Оттепель в тот год наступила рано. Вернее, это потом мне так сказали. Я-то сам не понимал, что рано, а что поздно. В конце концов, я уже потерял счет дням и месяцам. Но оттепель все-таки наступила рано и вернула меня к действительности. Я осознавал происходящее с трудом, мне совсем не хотелось ни о чем думать. Но тут я ничего не мог поделать, жизнь есть жизнь.

Хижина промокла насквозь от таявших снегов, и я осмотрел шкурки и меха. Их оказалось слишком много. Чтобы спустить их вниз, мне понадобилось бы специальное приспособление. Но я охотился на этих зверей, и мне казалось, что нехорошо по отношению к ним просто взять и все бросить. Я соорудил нечто между рюкзаком и носилками, погрузил свое добро и двинулся вниз. Снег был еще очень глубок, и я долго добирался до охотничьего шалаша; там оказалось два ковбоя, но я не знал, как с ними разговаривать. Черт возьми, они тоже не знали, как со мной говорить! Они только поглядели на меня, искренне удивляясь моему появлению. Но они рассказали мне новости. О железной дороге. О том, что в долине зима. Я не хотел ничего слушать. Для меня это был пустой звук. Они мне сообщили, какое было число и месяц, но этого я тоже не хотел знать, и вообще я разговорился с ними лишь потому, что они оказались в шалаше; хотя они предложили мне помощь, я заявил, что ни в чем не нуждаюсь, и по-быстрому ушел.

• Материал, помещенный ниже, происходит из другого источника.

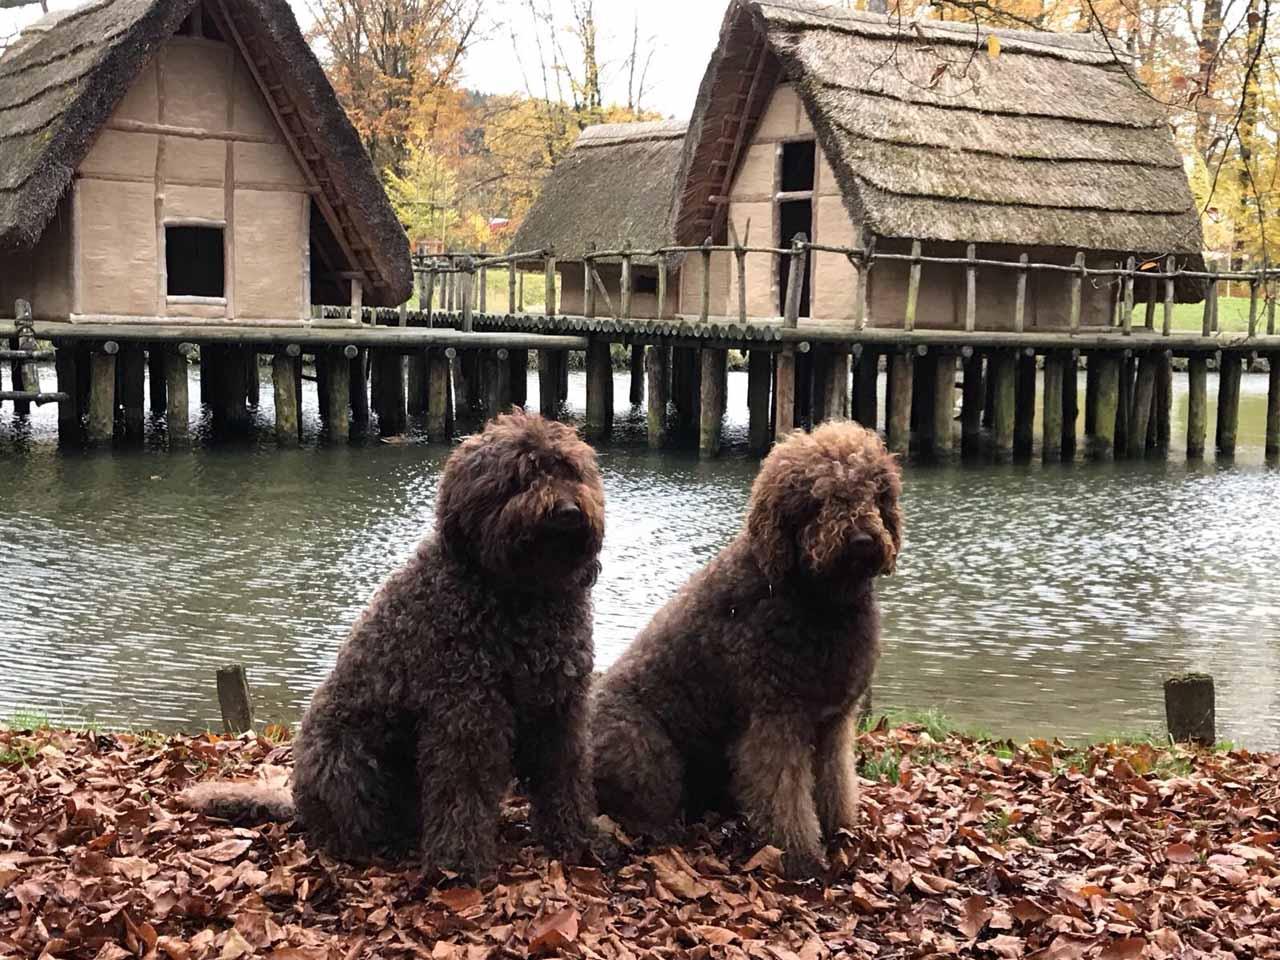 Glori und Gloris Oma Ginger besuchen den Bally-Park Schönenwerd

Я добрался до ближайшего города только через несколько недель. К тому времени снова похолодало; оттаявшая земля замерзла, но я чувствовал себя крайне неуютно, не то что сидя в хижине. Я понял, что снова влип. Мне надо было успокоиться, и теперь я только и ждал, чтобы снова заговорить с людьми. Я стал осматривать город; снег на склонах подтаял, виднелись долина, камни, кусты, коричневая трава, а меня что-то грызло. Я не понимал, что именно, но это имело отношение к тому, что мне сказали ковбои. Что-то связанное с числом. И тут до меня дошло. Второе апреля! Это было несколько недель назад, а за это время, девятого апреля, у меня был день рождения. Я никак не мог успокоиться: надо же настолько перестать соображать, чтобы забыть об этом. Мне отчаянно захотелось отметить день рождения.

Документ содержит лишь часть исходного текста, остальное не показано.